Government hopes for a shale-gas revolution have suffered a serious setback after Lancashire councillors unexpectedly rejected plans for the UK’s first fracking site – defying clear advice from their legal and planning advisors to wave them through.
The proposed project in Little Plumpton, near Preston, was turned down due to concerns over an “unacceptable noise impact” and the “adverse urbanising effect on the landscape”, Lancashire County Council said.
Cuadrilla, the company behind the unsuccessful application, said it would probably appeal the shock decision in what was widely seen as a “test case” for how willing local councillors would be to turn down fracking proposals.
The councillors’ own planning committee, whose recommendations they would typically be expected to follow, advised them to pass the application. Their legal advisors had also warned that there were insufficient grounds for rejection – which they said could open them up to a costly legal appeal.
Yet despite this, the motion to reject the application was carried by nine votes to three, with two abstentions.
“The decision to reject the planning decision has come as a big surprise today,” said John Williams, of the Poyry Management engineering consultant.
“This decision is a serious setback for shale gas in the UK and many must be wondering if it can ever reach production phase.”
Jim Watson, professor of energy policy at the University of Sussex, said: “This decision will make developers wary because the second rejection was made against the advice of officers – and despite a lack of objections from regulators such as the Environment Agency.”

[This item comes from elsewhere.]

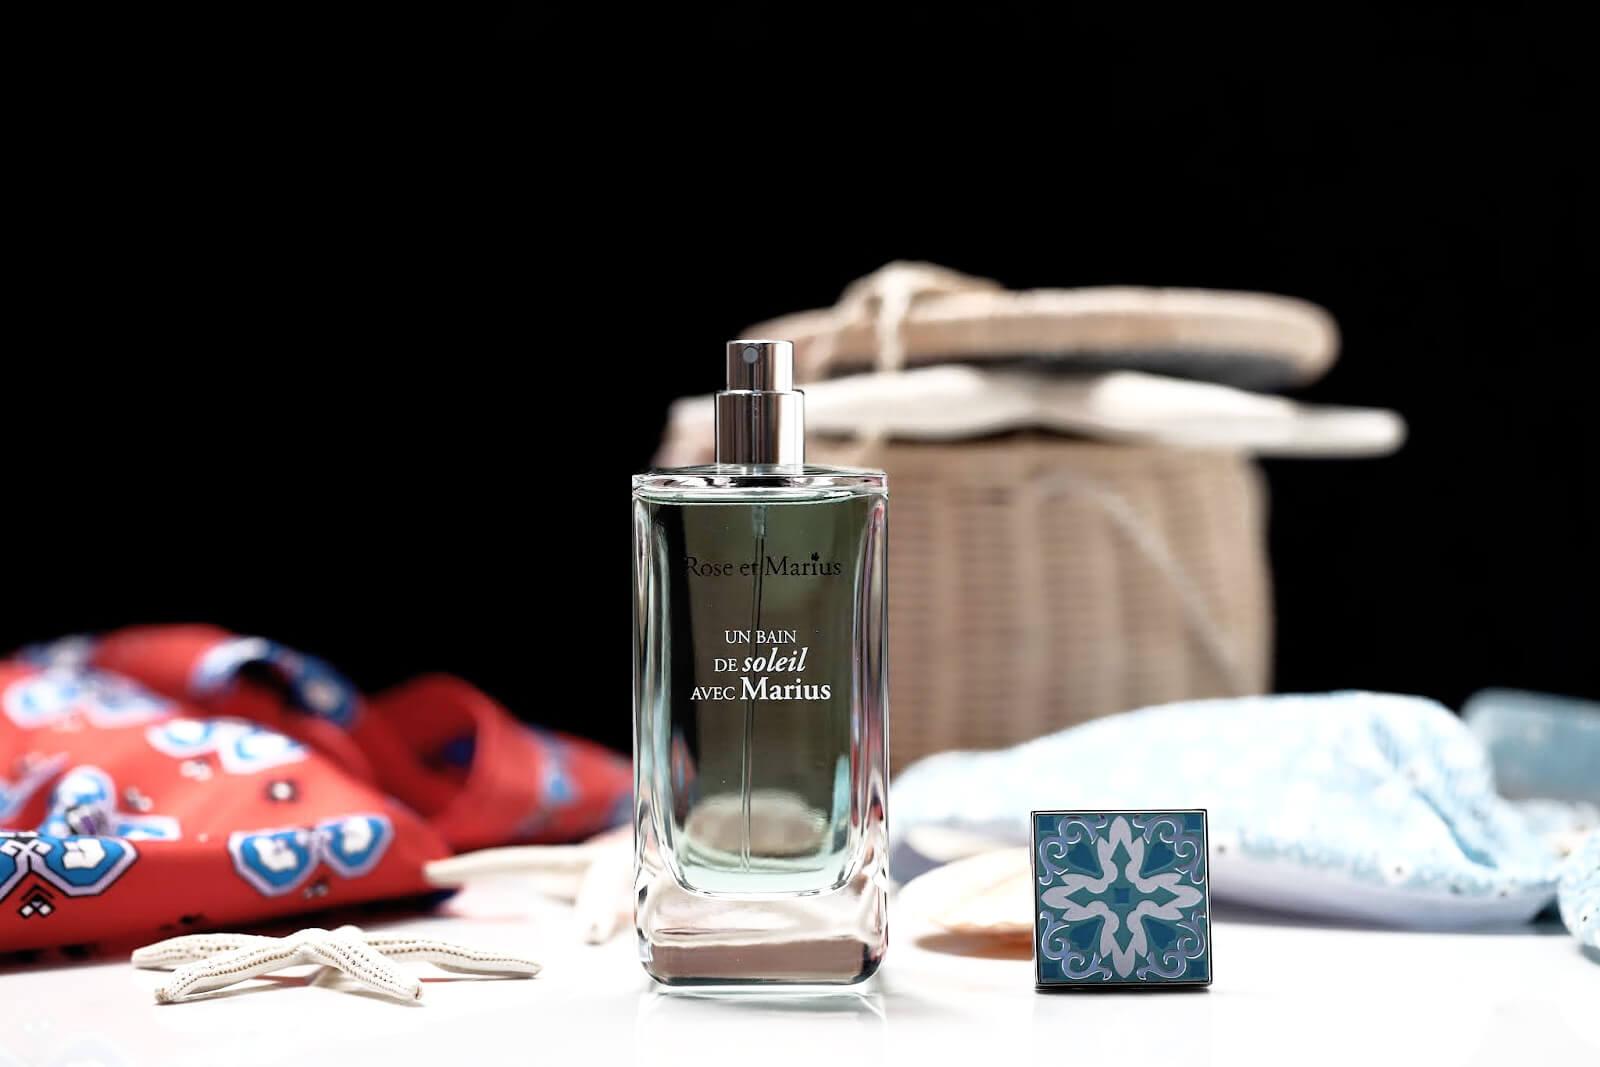 Rose et Marius Un Bain De Soleil Parfum avis

And Daisy Sands, a campaigner with Greenpeace UK, said: “This decision is a Waterloo for the fracking industry and a triumph for local democracy… It sends a powerful signal to other councils that the fracking juggernaut can indeed be stopped.”
The decision follows chaotic scenes at Preston County Hall last week when a motion to block the proposal was defeated, following legal warnings that there were no grounds to prevent the project going ahead.
But after seeking additional legal advice over the weekend, the councillors decided that they did have grounds for dismissing the application and were able to defeat the proposal during the morning of 29 June.
A spokesman for Cuadrilla, which is part-owned by British-Gas owner Centrica, said it was “surprised and disappointed by the decision”.
The company is expected to appeal the vote – in a case that could potentially be decided on by Communities and Local Government Secretary Greg Clark, who has the power to “call in” the appeal if he deems it to be of national significance.
Cuadrilla is also expected to appeal last week’s decision to oppose a separate fracking application in the same area.
Although the rejection has dealt the industry a serious blow, campaigners and advocates agree that it is by no means fatal.
The Government is due to hand out dozens of shale gas licences later this year, which is likely to result in numerous planning applications.
“This is just one adverse planning decision… Other exploration companies have already stated they will be putting in their own applications very shortly,” said Ken Cronin, of the UKOOG fracking industry body.
Dr Adam Marshall, of the British Chambers of Commerce, added: “This decision is perverse, short-sighted and timid. Fracking must be part of the solution to the UK’s energy crunch and could also provide a real fillip to our economy.”